# Revo inshore vs. stradic FJ



## Vbfishin (Dec 11, 2012)

Hey y'all I was just wonder what reel do y'all think will be pretty for catching specks?


----------



## stripperonmypole (Oct 24, 2009)

Vbfishin said:


> Hey y'all I was just wonder what reel do y'all think will be pretty for catching specks?


they're both "pretty", but i would go with the fj. i think it's easier to throw lighter lures with a spinning setup. plus it's cheaper than the new inshore, which is ridiculously expensive.


----------



## AbuMike (Sep 3, 2007)

Many many love the Stradic, I have never had good luck with them. That new Revo Inshore is a fine feeling reel..


----------



## AbuMike (Sep 3, 2007)

stripperonmypole said:


> they're both "pretty", but i would go with the fj. i think it's easier to throw lighter lures with a spinning setup. plus it's cheaper than the new inshore, which is ridiculously expensive.


there is a Revo Inshore spinning reel out now...

http://www.abugarcia.com/products/reels/spinning-reels/revo/revo-inshore


----------



## stripperonmypole (Oct 24, 2009)

AbuMike said:


> there is a Revo Inshore spinning reel out now...
> 
> http://www.abugarcia.com/products/reels/spinning-reels/revo/revo-inshore


o whoops. i see.


----------



## bronzbck1 (Jun 13, 2007)

I like both reels but I wouldn't want ether one for trout. I would buy one with a slower gear ratio 4-1, nothing over 5-1.


----------



## speckhunter80 (Oct 3, 2011)

Save your money and get a Penn 430 ssG


----------



## Fishman (Apr 23, 2000)

Get yourself a Daiwa exceller 2500 5.3:1 gear ratio


----------



## plotalot (Apr 27, 2009)

Anyone that would buy a Stradic FJ, apparently is unaware of the Saros FA or is someone who's impractical. I like to think that I am capable of recognizing differences in quality more than the next guy and I can't seem to notice $5.00 more in quality, much less $50.00 more in a Stradic over a Saros.


----------



## map120277 (Jul 17, 2008)

plotalot said:


> Anyone that would buy a Stradic FJ, apparently is unaware of the Saros FA or is someone who's impractical. I like to think that I am capable of recognizing differences in quality more than the next guy and I can't seem to notice $5.00 more in quality, much less $50.00 more in a Stradic over a Saros.

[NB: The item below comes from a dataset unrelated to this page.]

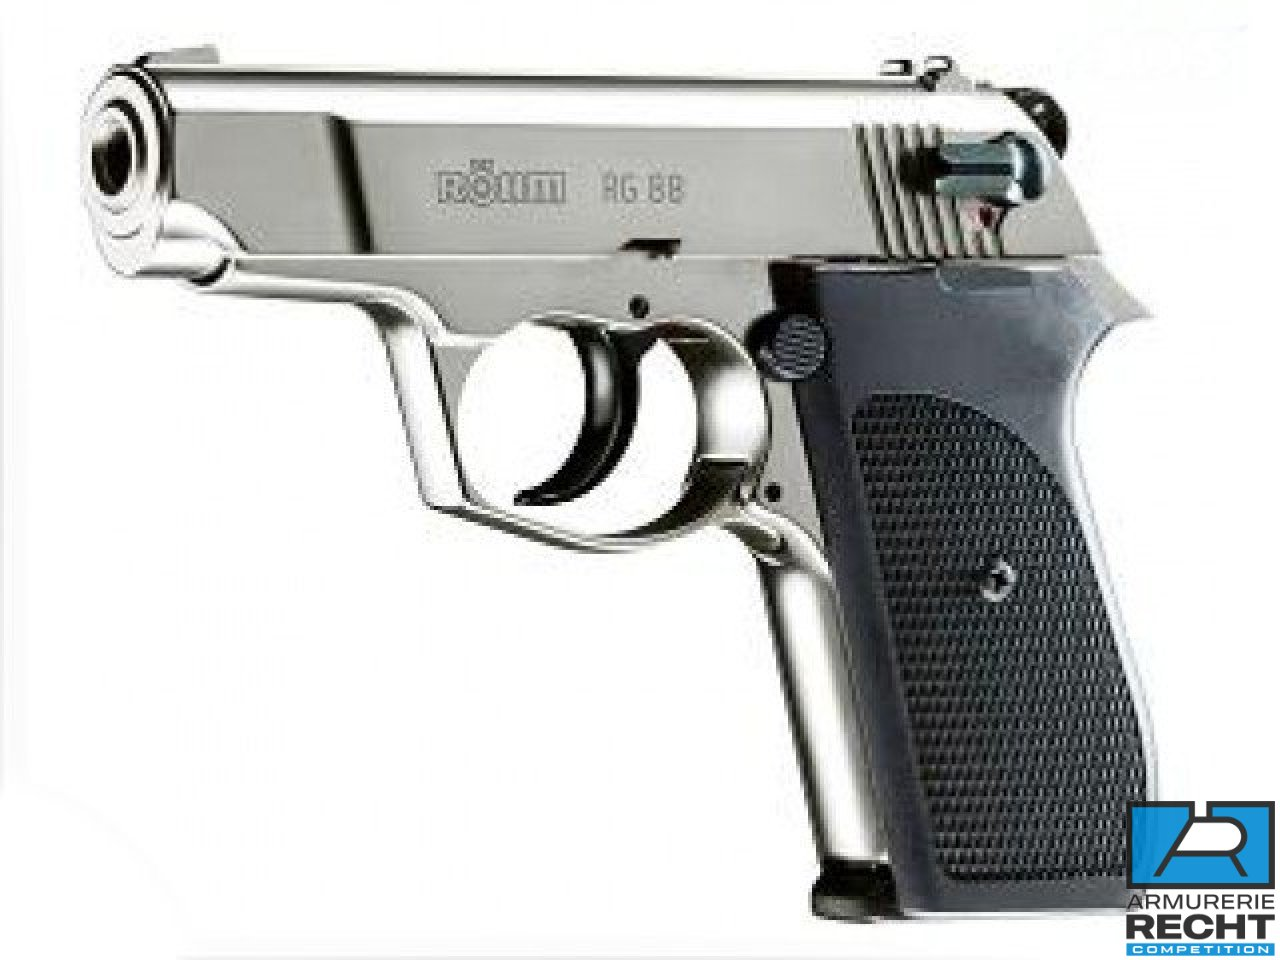 pistolet rohm rg88 cal 9mmpa blanc armes neuves. Black Bedroom Furniture Sets. Home Design Ideas

They are pretty much the same reel, I think the Stradic has one more ball bearing and a few more pounds of drag.

Another thing is the 2500 & 3000 are the same reel. The only difference is the spool is deeper on the 3000. I have a 2500FJ and it is a absolute joy to fish with. Smoothest reel I have ever fished with, perfect for trout fishing. :beer:


----------



## AbuMike (Sep 3, 2007)

bronzbck1 said:


> I like both reels but I wouldn't want ether one for trout. I would *buy one with a slower gear ratio 4-1, nothing over 5-1*.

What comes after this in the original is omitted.